I will use the same triangle of incremental claims data as introduced in my previous post. The final model had three parameters for origin periods and two parameters for development periods. It is possible to reduce the model further as Christofides illustrates in section L onwards by using an inflation index to bring all claims payments to current value and a claims volume adjustment or weight for each origin period to normalise the triangle.

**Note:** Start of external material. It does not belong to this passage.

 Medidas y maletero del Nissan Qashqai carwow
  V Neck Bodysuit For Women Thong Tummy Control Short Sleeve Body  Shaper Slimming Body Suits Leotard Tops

In his example Christofides uses claims volume adjustments for the origin years and an earning or inflation index for the different payment calendar years. The claims volume adjustments aims to normalise the triangle for similar exposures across origin periods, while the earnings index, which measures largely wages and other forms of compensations, is used as a first proxy for claims inflation. Note that the earnings index shows significant year on year changes from 5% to 9%. Barnett and Zehnwirth [2] would probably recommend to add further parameters for the calendar year effects to the model.
# Page D5.36
ClaimsVolume <- data.frame(origin=0:6, 
  volume.index=c(1.43, 1.45, 1.52, 1.35, 1.29, 1.47, 1.91))
# Page D5.36
EarningIndex <- data.frame(cal=0:6, 
  earning.index=c(1.55, 1.41, 1.3, 1.23, 1.13, 1.05, 1))
# Year on year changes
round((1-EarningIndex$earning.index[-1]/EarningIndex$earning.index[-7]),2)
# [1] 0.09 0.08 0.05 0.08 0.07 0.05

dat <- merge(merge(dat, ClaimsVolume), EarningIndex)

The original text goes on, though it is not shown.